Никогда потом он не мог себе простить своих слов насчет автоматчика и выводных. Он их сказал вовсе не затем, чтоб доставить жертве еще мучений и страха, а вышло, что как бы поучаствовал в казни. Когда же не станет у него этой неволи — участвовать во всех делах этих людей, которые ему чужды, ненавистны — и так же враждебны к нему?

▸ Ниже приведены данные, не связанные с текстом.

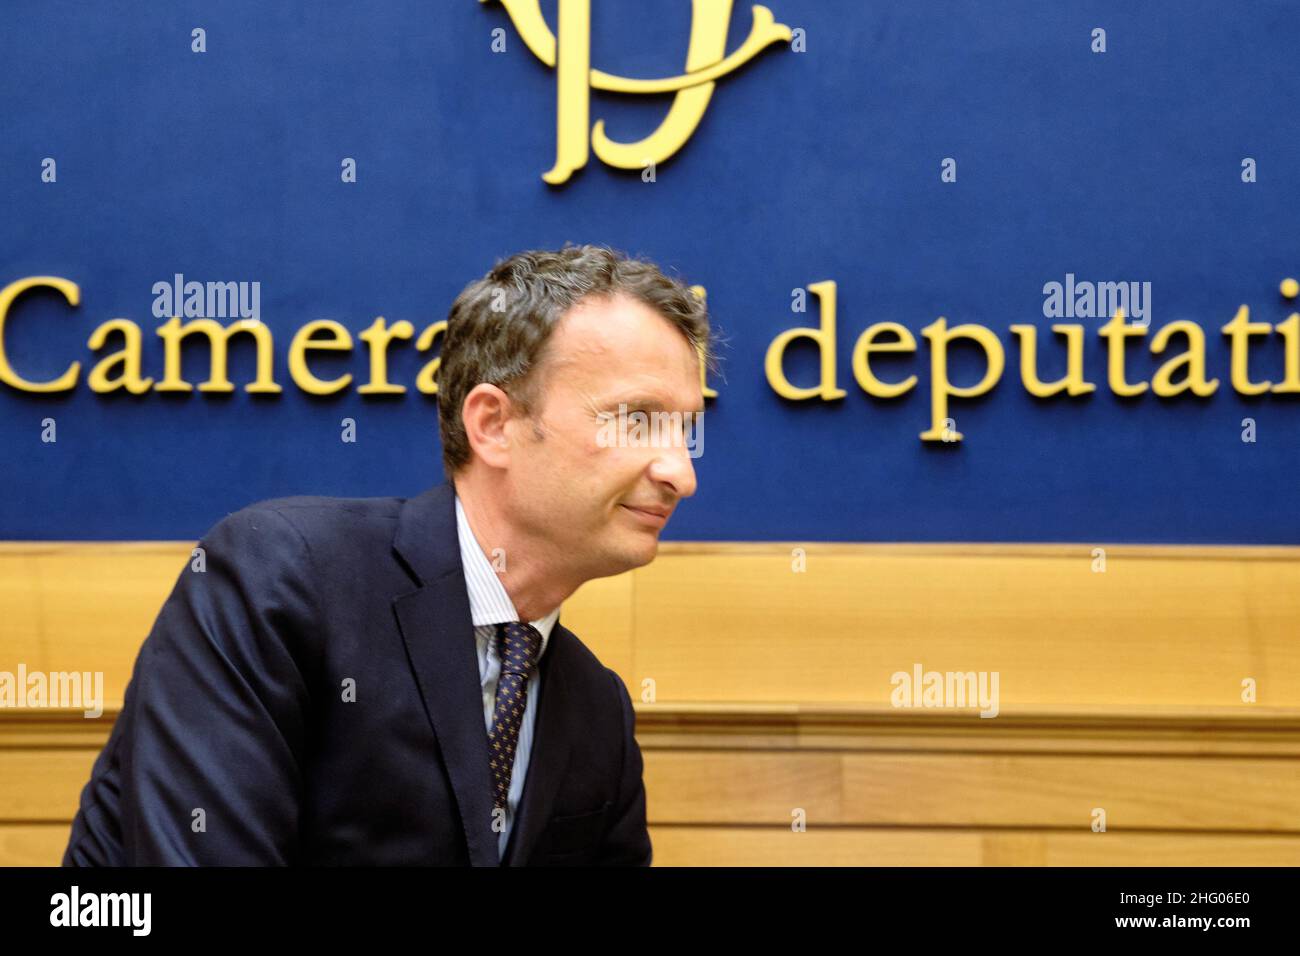 Mauro Scrobogna /LaPresse June 30, 2021 Rome, Italy Politics Chamber of Deputies - press conference on Just criminal trial and reasonable timeframe In the photo: Criminal lawyer Guido Camera Stock Photo

Может быть, с того дня стало происходить с генералом Кобрисовым нечто опасное и гибельное, запретное человеку, назначенному распоряжаться чужими жизнями числом в десятки тысяч, — если не хочет он превратиться в ту сороконожку, которая некстати задумалась, в каком положении ее семнадцатая лапка, тогда как она передвигает тридцать вторую. Он ступил на трясинный затягивающий путь, с которого почти никому не выбраться на прежнюю торную тропу, почти никакому сердцу не очерстветь заново. Все чаще он стал ощущать отчаянное сопротивление души, измученной неправедным и недобровольным участием. Он и раньше думал постоянно о потерях и старался относиться к людям, как рачительный хозяин к неизбежно расходуемому материалу, который следует всячески экономить, — чтобы тот, кому суждено погибнуть, по крайней мере продал свою жизнь дороже, пал бы хоть на сто километров подальше к западу. Теперь же он стал задумываться о том, что роты и батальоны состоят из людей с именами и отчествами, памятными датами, днями рождения, сердечными тайнами, житейскими историями, что они, помимо того, что рядовые или ефрейторы или сержанты, еще чьи-то дети, чьи-то мужья и отцы, и где-то ждут их, сильно надеясь, что какой-нибудь генерал Кобрисов отпустит их с войны живыми и, крайне желательно, целыми. И стало частым непривычное ему, раньше и не сознаваемое как необходимость, обращение к Тому, о Ком он не задумывался путем, лишь тогда вспоминал, когда смерть грозила, или мучило ранение, или нападала болезнь.